Войско казацкое уже стояло на Масловом Ставу в полном снаряжении, с полковыми знаками и отличиями, словно готовое выступить в поход. Только вместо боевого задора на лицах у всех, от полковника до рядового, суровость и горечь. Хоругви и бунчуки наклонены к земле, словно при войсковом трауре. А перед строем гарцевал окруженный свитой польский гетман Потоцкий. Он наслаждался своей властью над этим побежденным воинством, которое не мог укротить до него ни один польский военачальник, и демонстрировал перед ним свою власть и шляхетский гонор. Вот он взмахнул рукой, и из свиты выехал вояка, в котором Хмельницкий узнал комиссара Шемберка, недавно купившего, как говорили, у короля свое комиссарство за тридцать тысяч злотых и уже сейчас стремившегося возвратить их себе, грабя казаков и арендаторов. Он развернул свиток и стал громко выкрикивать уже известную Хмельницкому «Ординацию».
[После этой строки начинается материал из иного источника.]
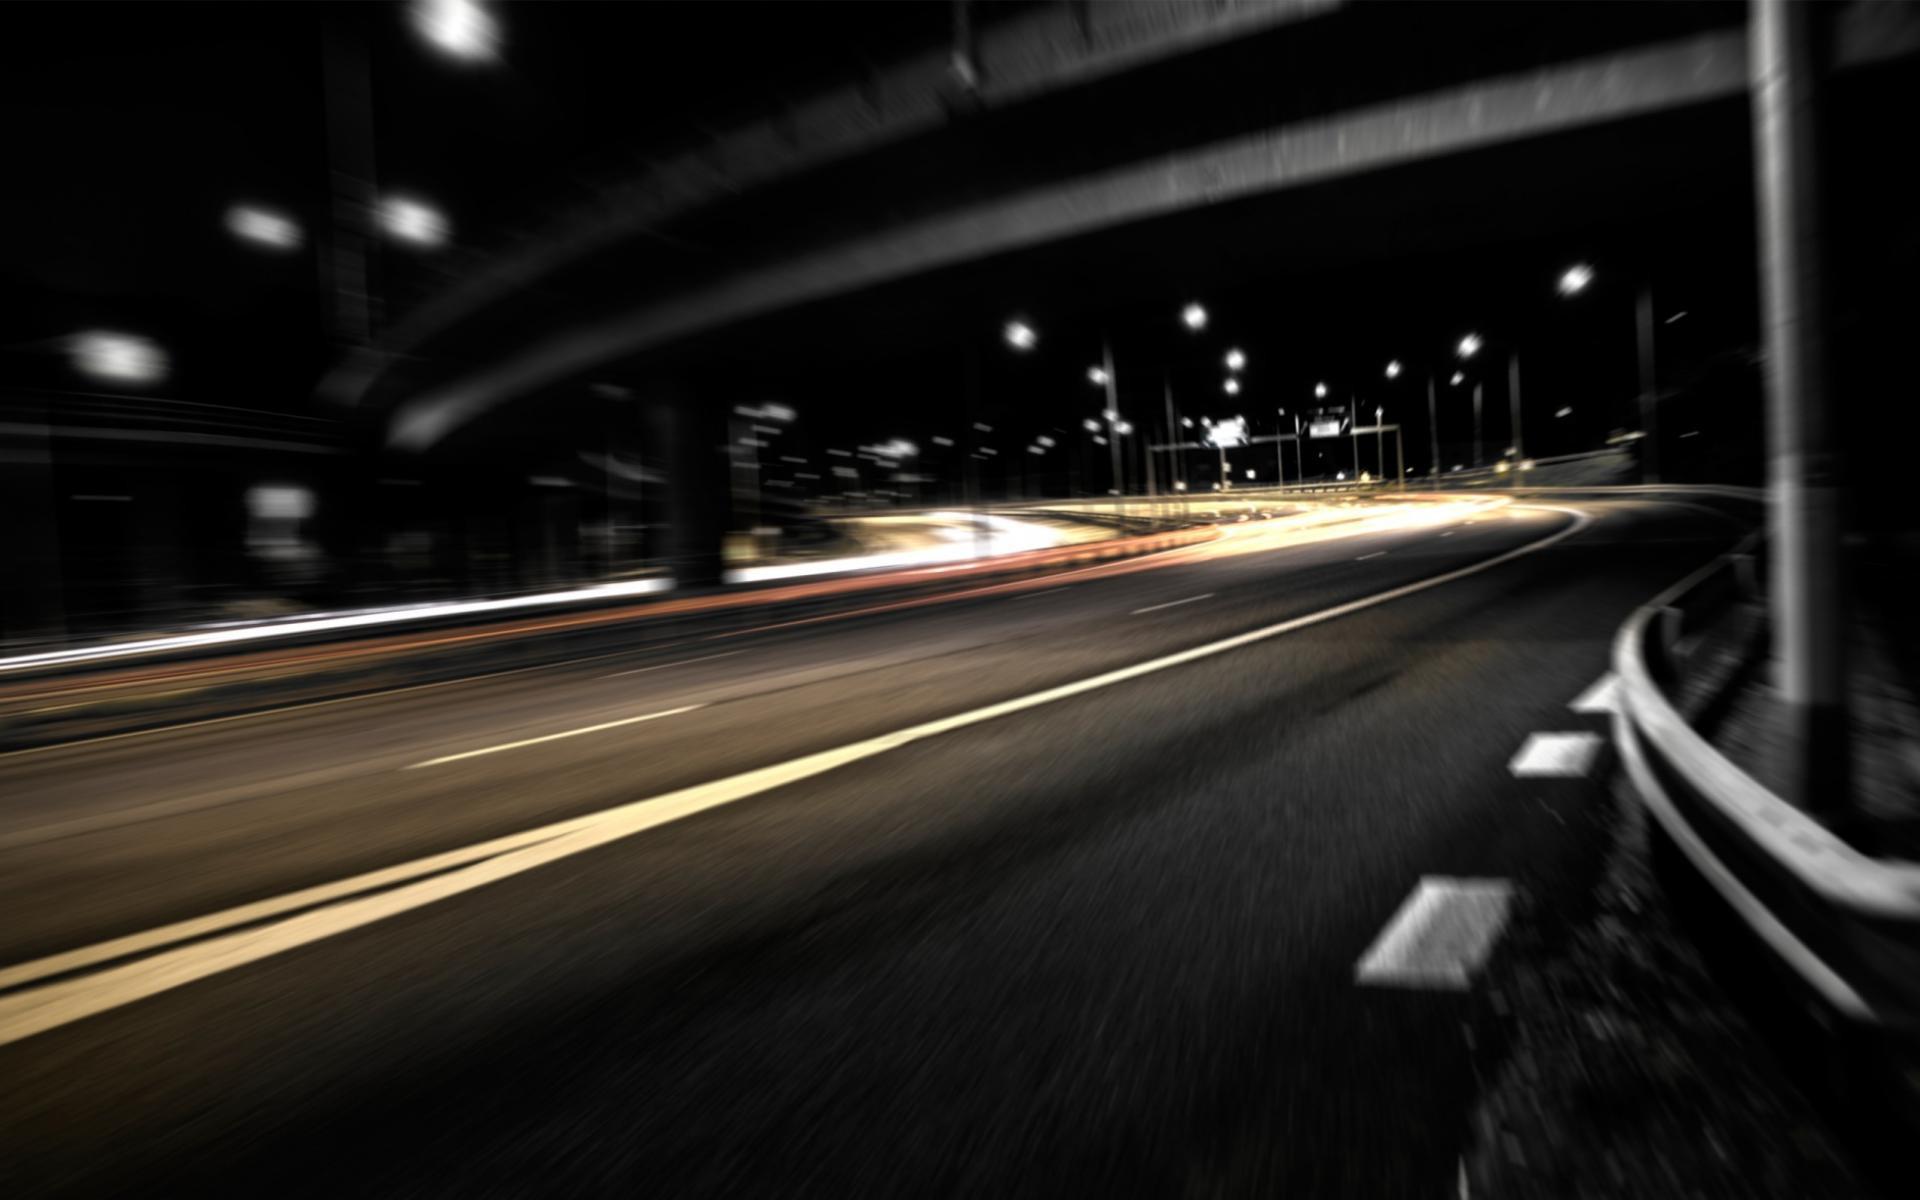 КоДню города вОмске завершат асфальтирование неменее 30 улиц

«Ординация» коснулась и самого Богдана. Должность войскового писаря была ликвидирована, и он, таким образом, лишался влиятельного места в войске. Не получил он взамен никакой другой из высших должностей, доступных казакам, — ни войскового, ни полкового есаула. Потоцкий соизволил назначить его лишь одним из десяти Чигиринских сотников, и в этой должности он и будет состоять почти десять последующих лет.
Но польское руководство по оставляет его в покое и в должности сотника, часто вызывая то в Киев, то в другие города. Видимо, боялись, поэтому и вызывали, чтобы был часто на виду. В обоснованности такого опасения вскоре шляхтичей убедил один случай.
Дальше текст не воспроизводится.